We discovered this simple cucumber salad whilst living in Beijing in 2007 and we have never forgotten it since. Liang cai, cold dishes like these, are traditionally served at the beginning of the meal, unlike the deep-fried nonsense that is served at Chinese restaurants in the West. Without fail, this little cucumber number is present at the dinner table every time we throw a Chinese dinner party. It is such a crowd pleaser and so easy to make. It is truly mind-boggling how this quintessentially Chinese dressing can transform an ordinary vegetable into an explosion of flavours in your mouth.

This recipe only scratches the surface to the rich tradition of frugal, healthy and delicious Chinese home cooking with vegetables as the focus. As Fuchsia Dunlop so accurately puts it:

"With all the fuss over the Mediterranean diet, people in the West tend to forget that the Chinese have a system of eating that is equally healthy, balanced, sustainable and pleasing. Perhaps it's the dominance of Chinese restaurant food - with its emphasis on meat, seafood and deep-frying as a cooking method - that has made us overlook the fact that typical Chinese home cooking is centred on grains and vegetables."

- Fuchsia Dunlop

Good thing about these cold dishes, is that they can be made in advance and ready on the table when guests arrive. Chilli, garlic, ginger, sesame and Sichuan peppercorn come together to deliver a dish that is not only bursting with nutrition and antioxidant properties but also utterly addictive and moreish.
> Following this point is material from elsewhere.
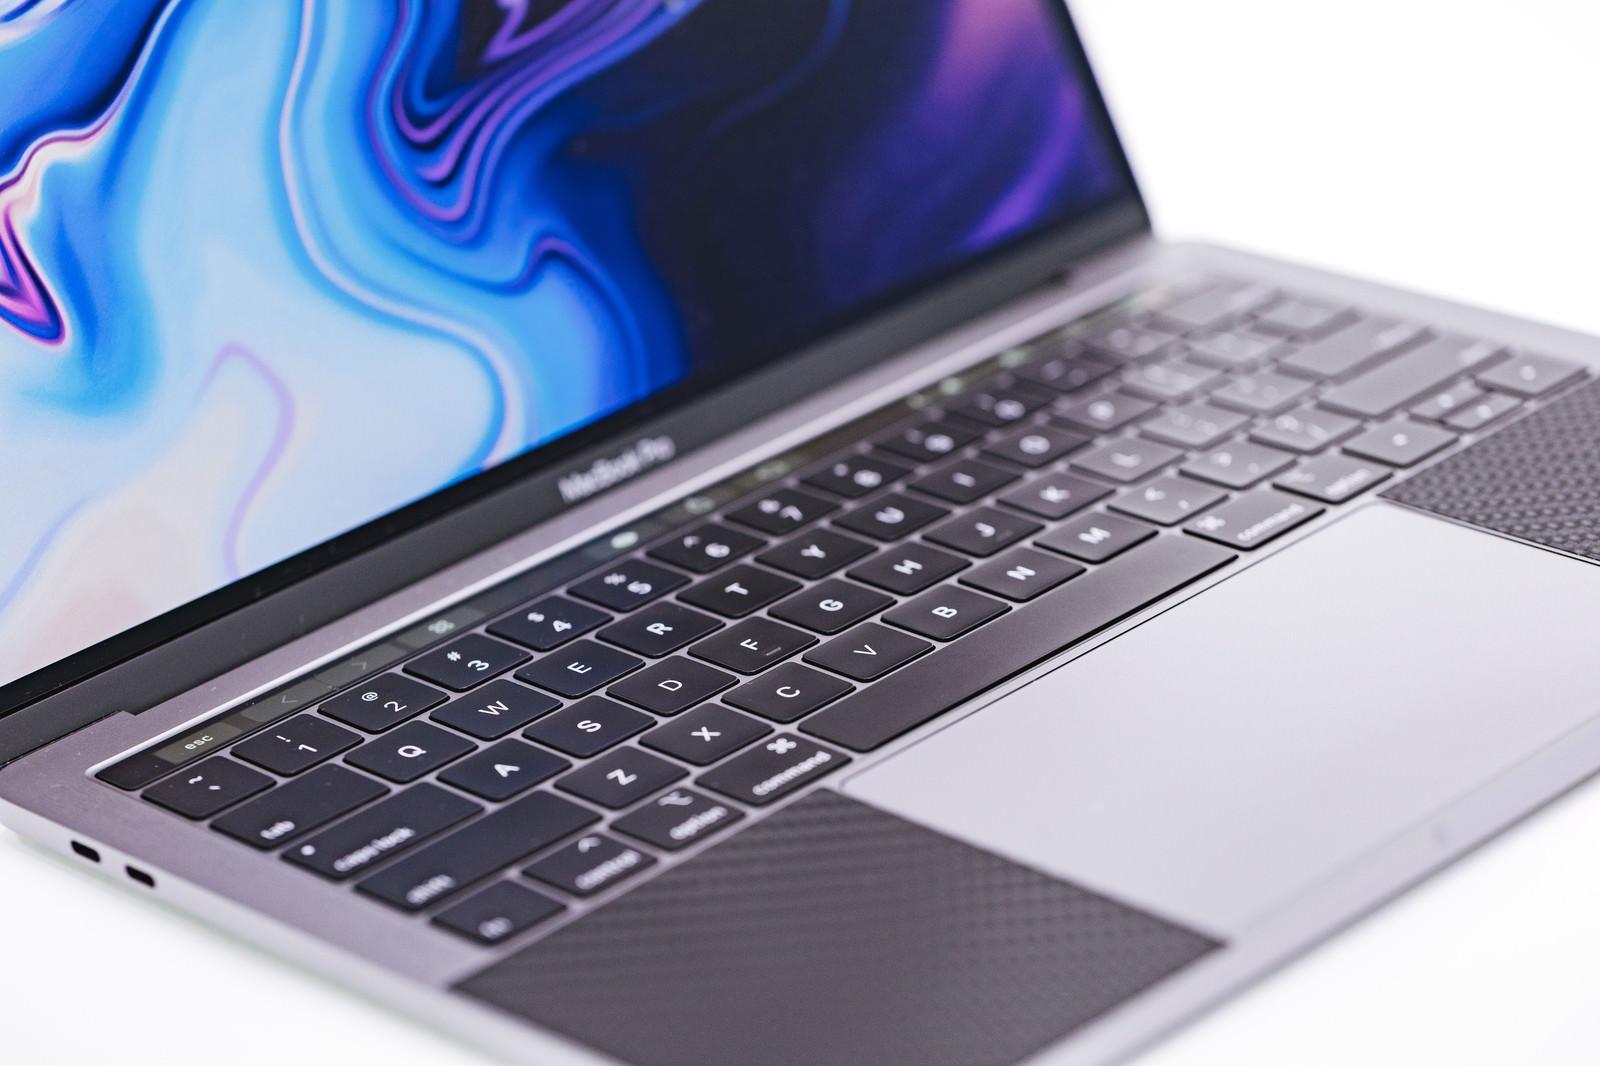 「MacBook Pro 2018 キーボードMacBook Pro 2018 キーボード」のフリー写真素材を拡大
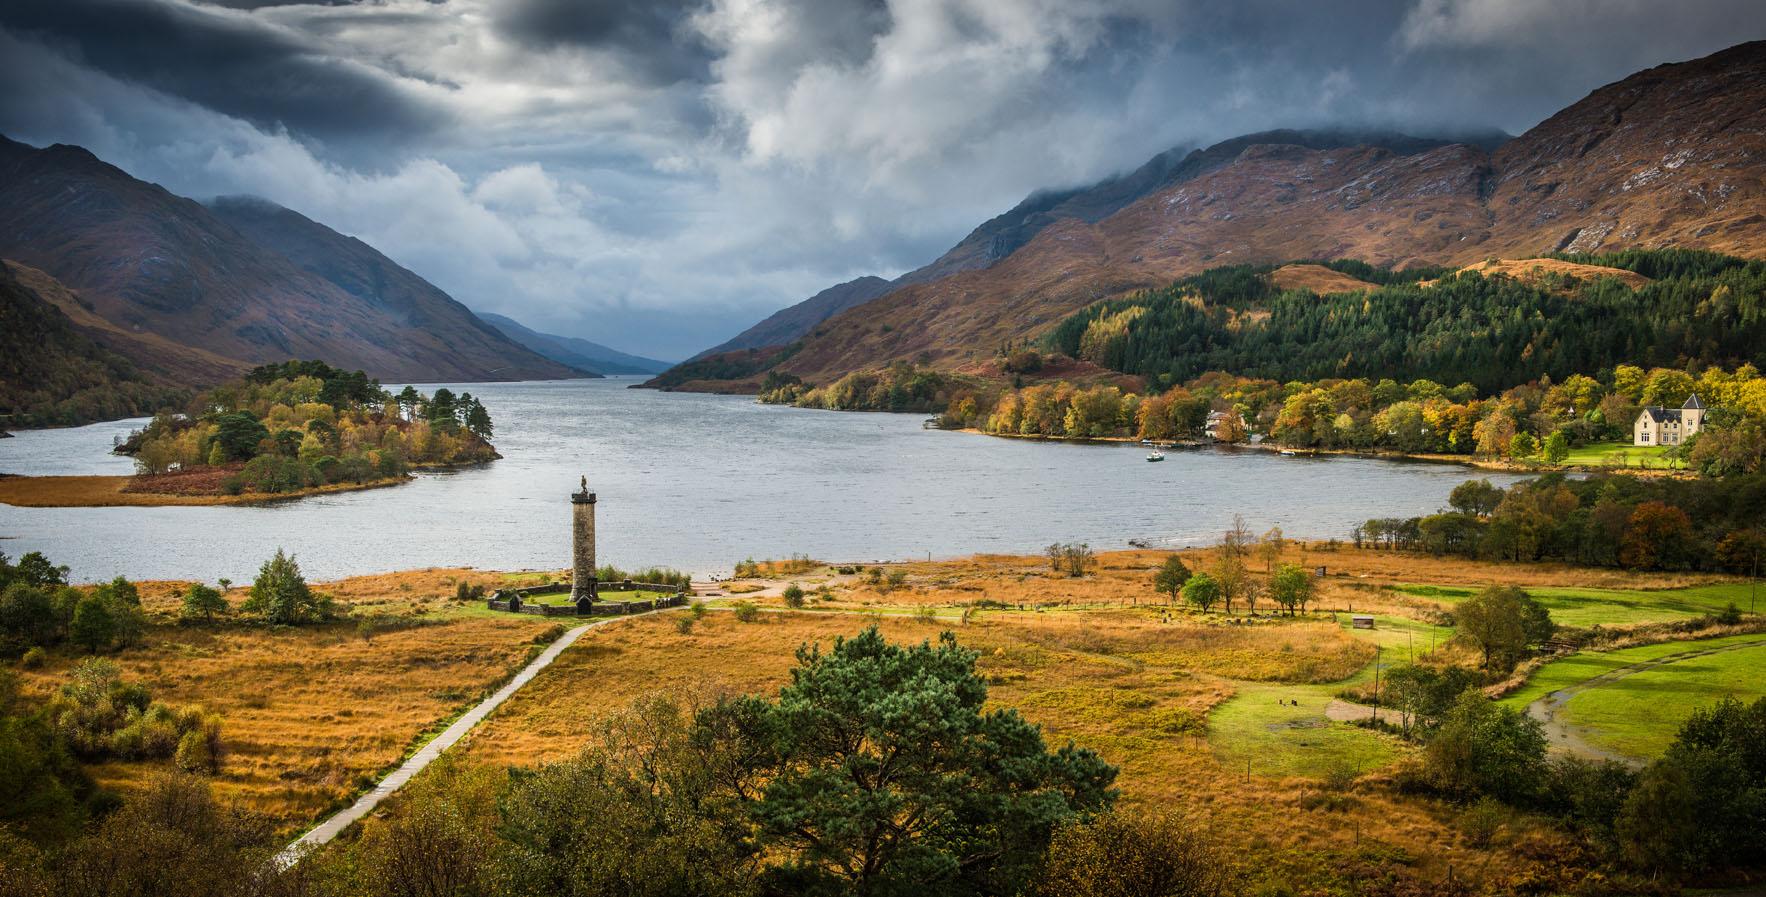 104-Loch-Shiel-Glenfinnan

The original recipe is actually not strictly raw as it calls to heat the oil, cook the chilli and peppercorn but I have transformed this into a raw salad that is just divine and actually much quicker and simpler to make. As always, my knowledge of traditional Chinese recipes and flavours continues to inspire my healthy cooking and to transform genuine Chinese dishes into delicious, vibrant and nutritious raw dishes.

Cucumber cuddles,
Marie

Ingredients:

  • 1 long cucumber
  • 2 tablespoons tamari
  • 1 tablespoon black vinegar
  • 2 tablespoons sesame oil
  • 3 garlic cloves, finely chopped
  • 1 tablespoon of ginger, minced
  • To garnish:
  • 1 small red chilli, finely chopped
  • handful of fresh coriander, coarsely chopped
  • Pinch of ground Sichuan peppercorn

Instructions:

1. Slice off the two ends of the cucumber. Then cut the cucumber into thin slices with a good knife or a mandolin.

2. Pour tamari, black vinegar, sesame oil, garlic and ginger in the bowl with the cucumber slices. Mix thoroughly and leave to marinate.

3. Adjust seasoning with salt (or tamari) and vinegar to taste. Ideally leave to marinate for a few hours for maximum depth of flavour, but it will still taste divine immediately.

4. Garnish with fresh red chilli, fresh coriander and a pinch of ground Sichuan peppercorn.